Early life and education
Siller was born in Edinburgh, Scotland, and was adopted at the age of three with her twin brother. While in school, she initially wanted to be a pianist but realised she would probably never be able to do it as a profession. Her attention then turned to becoming a policewoman but discovered she couldn’t apply as she was an inch shy of the department's height requirement of 5'4".
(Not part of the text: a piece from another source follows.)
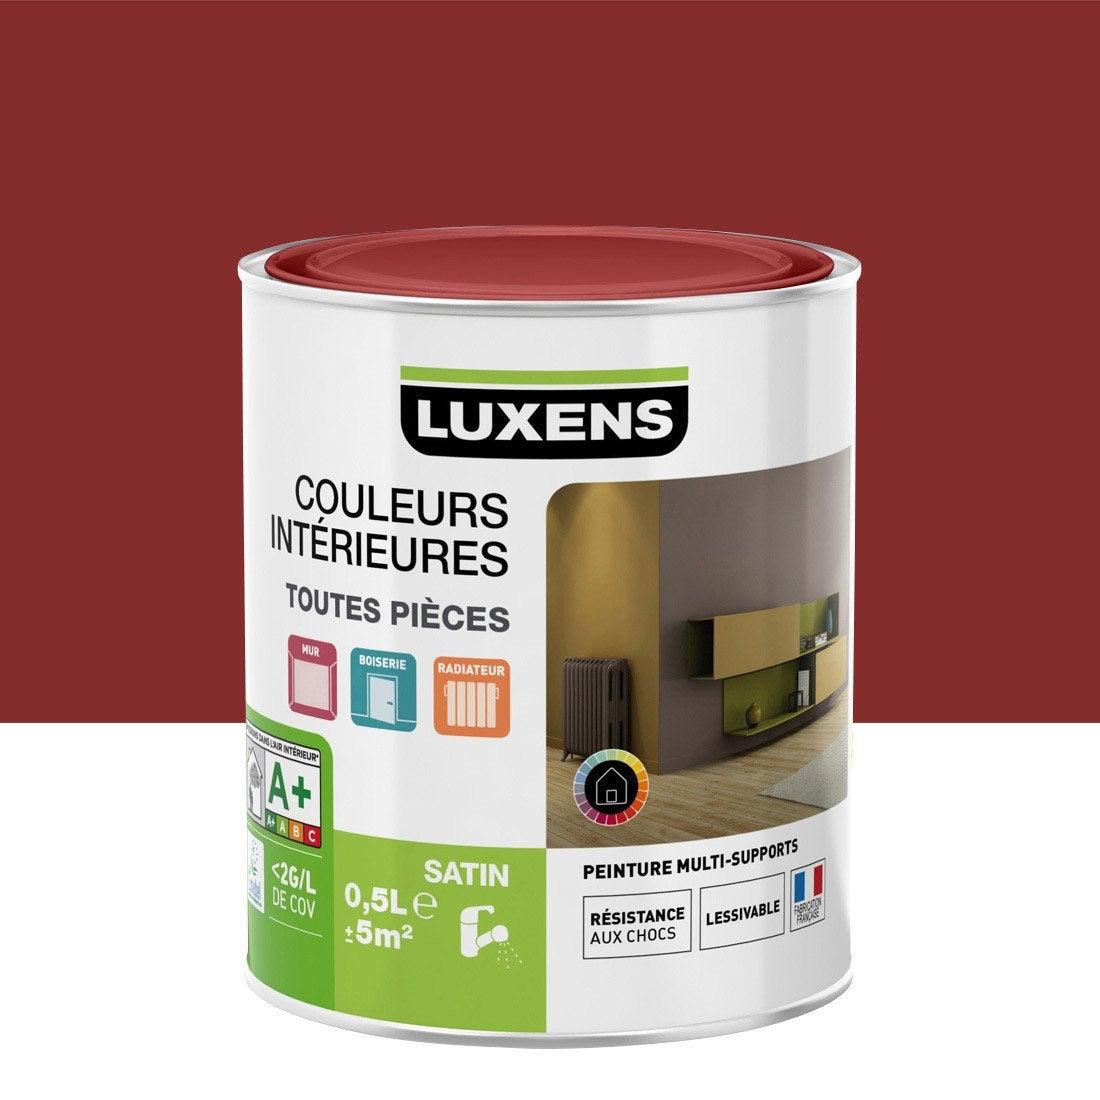 peinture rouge gourmand 2 luxens couleurs int rieures satin 0 5 l leroy merlin. Black Bedroom Furniture Sets. Home Design Ideas

During her school years, she had appeared in plays, but only as an excuse to get out of classes. She attended the Edinburgh Acting School part-time, until she moved to London at the age of 18. She attended the Sylvia Young Theatre School followed by a postgraduate degree at the Royal Academy of Dramatic Art. While still in school, she landed a small part in the David Puttnam film Memphis Belle.

Acting career
Since 1992 Siller has performed in films, West End theatre, television, and radio. She has also appeared in numerous television commercials and pop videos, including Morrissey, Holly Johnson, Thompson Twins and Comic Relief. In 2000 she fulfilled an ambition by writing and co-directing a comedy sketch show, The Brushed Forward Arrangement.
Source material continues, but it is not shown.